From mboxrd@z Thu Jan  1 00:00:00 1970
Return-Path: <linux-kernel-owner+willy=40w.ods.org@vger.kernel.org>
Received: (majordomo@vger.kernel.org) by vger.kernel.org via listexpand
	id <S316860AbSFQJbg>; Mon, 17 Jun 2002 05:31:36 -0400
Received: (majordomo@vger.kernel.org) by vger.kernel.org
	id <S316861AbSFQJbf>; Mon, 17 Jun 2002 05:31:35 -0400
Received: from parcelfarce.linux.theplanet.co.uk ([195.92.249.252]:37640 "EHLO
	www.linux.org.uk") by vger.kernel.org with ESMTP id <S316860AbSFQJbe>;
	Mon, 17 Jun 2002 05:31:34 -0400
Message-ID: <3D0DAD69.5C667D63@zip.com.au>
Date: Mon, 17 Jun 2002 02:35:37 -0700
From: Andrew Morton <akpm@zip.com.au>
X-Mailer: Mozilla 4.79 [en] (X11; U; Linux 2.4.19-pre9 i686)
X-Accept-Language: en
MIME-Version: 1.0
To: Linus Torvalds <torvalds@transmeta.com>,
       lkml <linux-kernel@vger.kernel.org>
Subject: Re: [patch 4/19] stack space reduction (remove MAX_BUF_PER_PAGE)
References: <3D0D86F0.5016809@zip.com.au>
Content-Type: text/plain; charset=us-ascii
Content-Transfer-Encoding: 7bit
Sender: linux-kernel-owner@vger.kernel.org
X-Mailing-List: linux-kernel@vger.kernel.org

Andrew Morton wrote:
> 
> ..
> +               do {
> +                       if (buffer_async_read(bh))
> +                               submit_bh(READ, bh);
> +               } while ((bh = bh->b_this_page) != head);

That's a bug.  We cannot touch bh->b_this_page after submitting
the buffer because the I/O could complete synchronously and the
page can come unlocked and the buffers can be stripped by the VM.
The buffer at `bh' could be dead memory.

This can happen on SMP with PIO-mode IDE disks.
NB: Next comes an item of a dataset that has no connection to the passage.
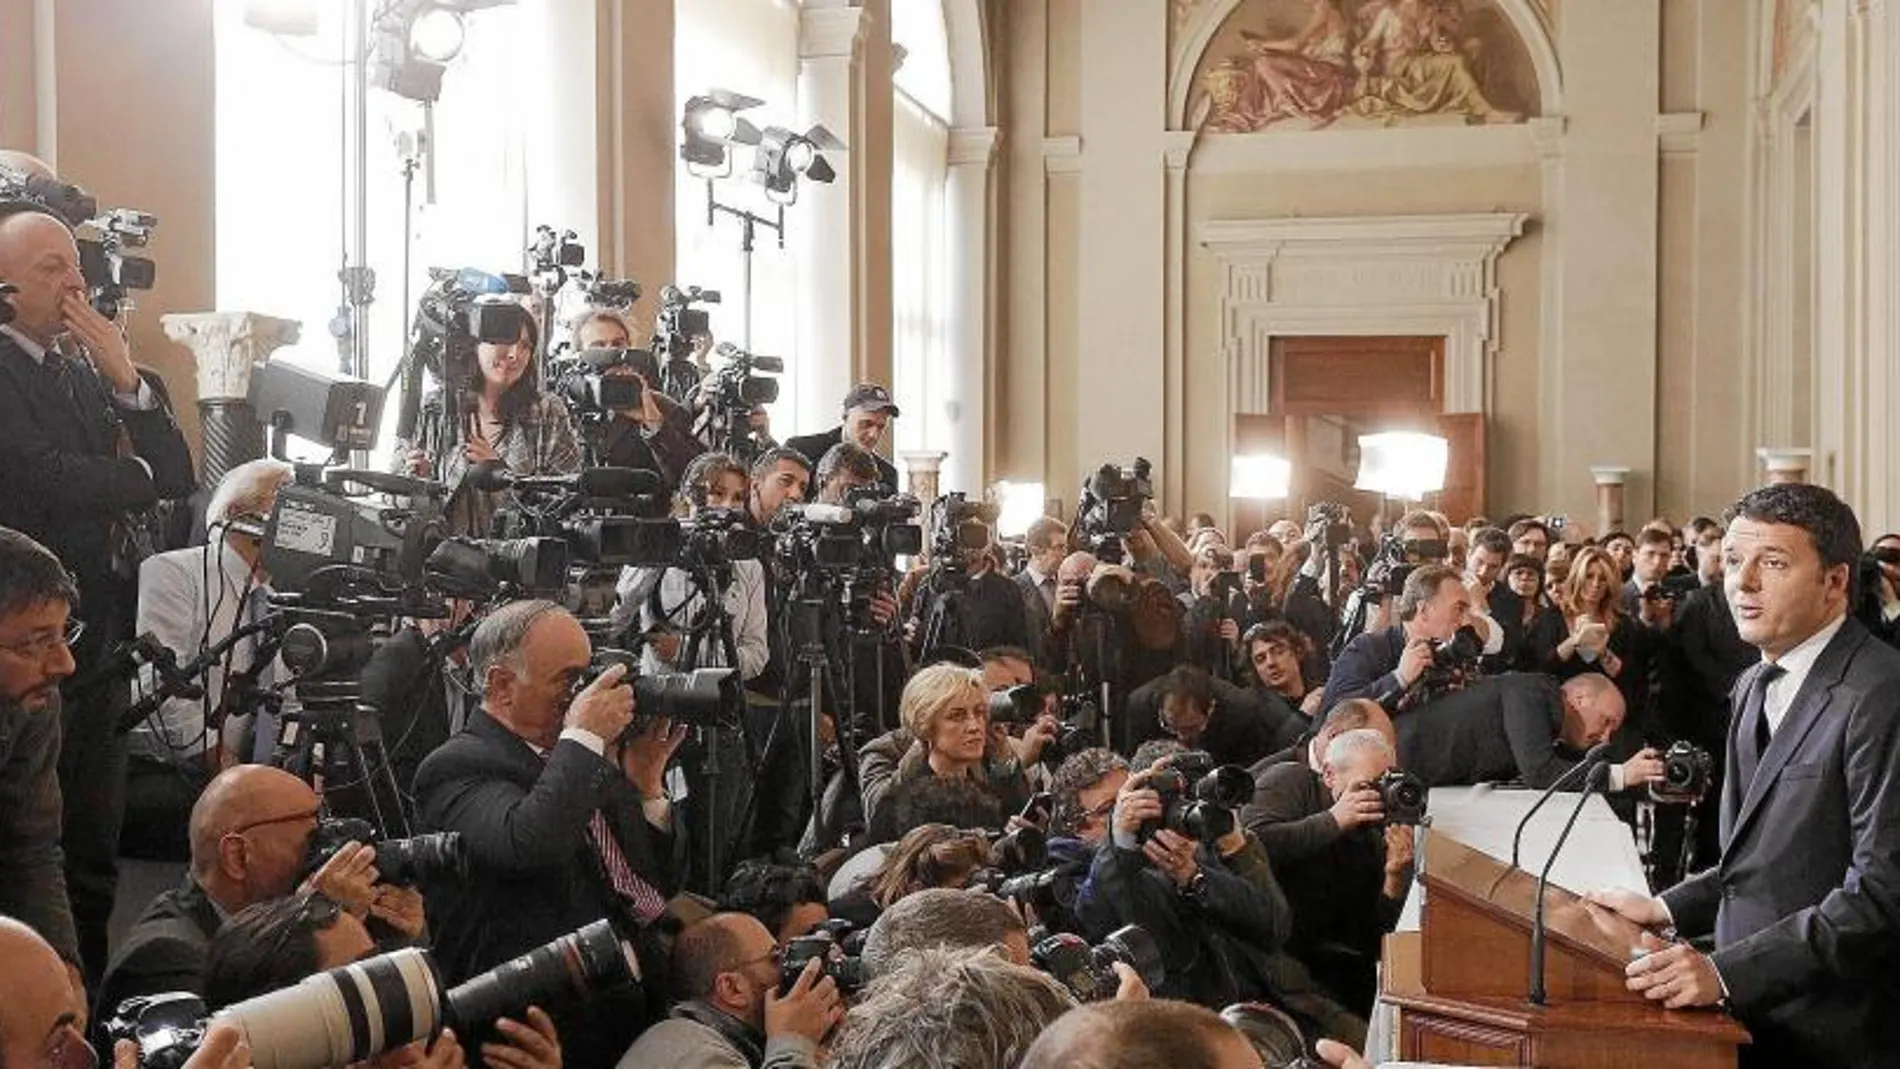 EXPECTACIÓN. Numerosos periodistas se concentraron en el Palacio del Quirinal para escuchar a Matteo Renzi

We cannot fix this with the usual

	do {
		next = bh->b_this_page;
		if (something)
			submit_bh(bh);
	} while ((bh = next) != head);

approach because the final buffer on the page could be unlocked,
clean and uptodate.

Pinning one of the buffers while we walk the ring will keep
try_to_free_buffers() away.   Here is an incremental patch.
--- 2.5.22/fs/ntfs/aops.c~ntfs-race-fix	Mon Jun 17 01:50:32 2002
+++ 2.5.22-akpm/fs/ntfs/aops.c	Mon Jun 17 02:24:00 2002
@@ -220,10 +220,12 @@ handle_zblock:
 		} while ((bh = bh->b_this_page) != head);
 
 		/* Finally, start i/o on the buffers. */
+		get_bh(head);	/* Pin the buffers while we walk the ring */
 		do {
 			if (buffer_async_read(bh))
 				submit_bh(READ, bh);
 		} while ((bh = bh->b_this_page) != head);
+		put_bh(head);
 		return 0;
 	}
 	/* No i/o was scheduled on any of the buffers. */
@@ -510,10 +512,12 @@ handle_zblock:
 		} while ((bh = bh->b_this_page) != head);
 
 		/* Finally, start i/o on the buffers. */
+		get_bh(head);	/* Pin the buffers while we walk the ring */
 		do {
 			if (buffer_async_read(bh))
 				submit_bh(READ, bh);
 		} while ((bh = bh->b_this_page) != head);
+		put_bh(head);
 		return 0;
 	}
 	/* No i/o was scheduled on any of the buffers. */
@@ -774,10 +778,12 @@ handle_zblock:
 		} while ((bh = bh->b_this_page) != head);
 
 		/* Finally, start i/o on the buffers. */
+		get_bh(head);	/* Pin the buffers while we walk the ring */
 		do {
 			if (buffer_async_read(bh))
 				submit_bh(READ, bh);
 		} while ((bh = bh->b_this_page) != head);
+		put_bh(head);
 		return 0;
 	}
 	/* No i/o was scheduled on any of the buffers. */
--- 2.5.22/fs/buffer.c~ntfs-race-fix	Mon Jun 17 01:55:55 2002
+++ 2.5.22-akpm/fs/buffer.c	Mon Jun 17 02:24:33 2002
@@ -2024,7 +2024,12 @@ int block_read_full_page(struct page *pa
 	 * Stage 3: start the IO.  Check for uptodateness
 	 * inside the buffer lock in case another process reading
 	 * the underlying blockdev brought it uptodate (the sct fix).
+	 *
+	 * Bump the refcount of one buffer while walking the ring so
+	 * that the VM cannot release the buffers while we're looking at
+	 * ->b_this_page.
 	 */
+	get_bh(head);
 	do {
 		if (buffer_async_read(bh)) {
 			if (buffer_uptodate(bh))
@@ -2033,6 +2038,7 @@ int block_read_full_page(struct page *pa
 				submit_bh(READ, bh);
 		}
 	} while ((bh = bh->b_this_page) != head);
+	put_bh(head);
 	return 0;
 }
 

-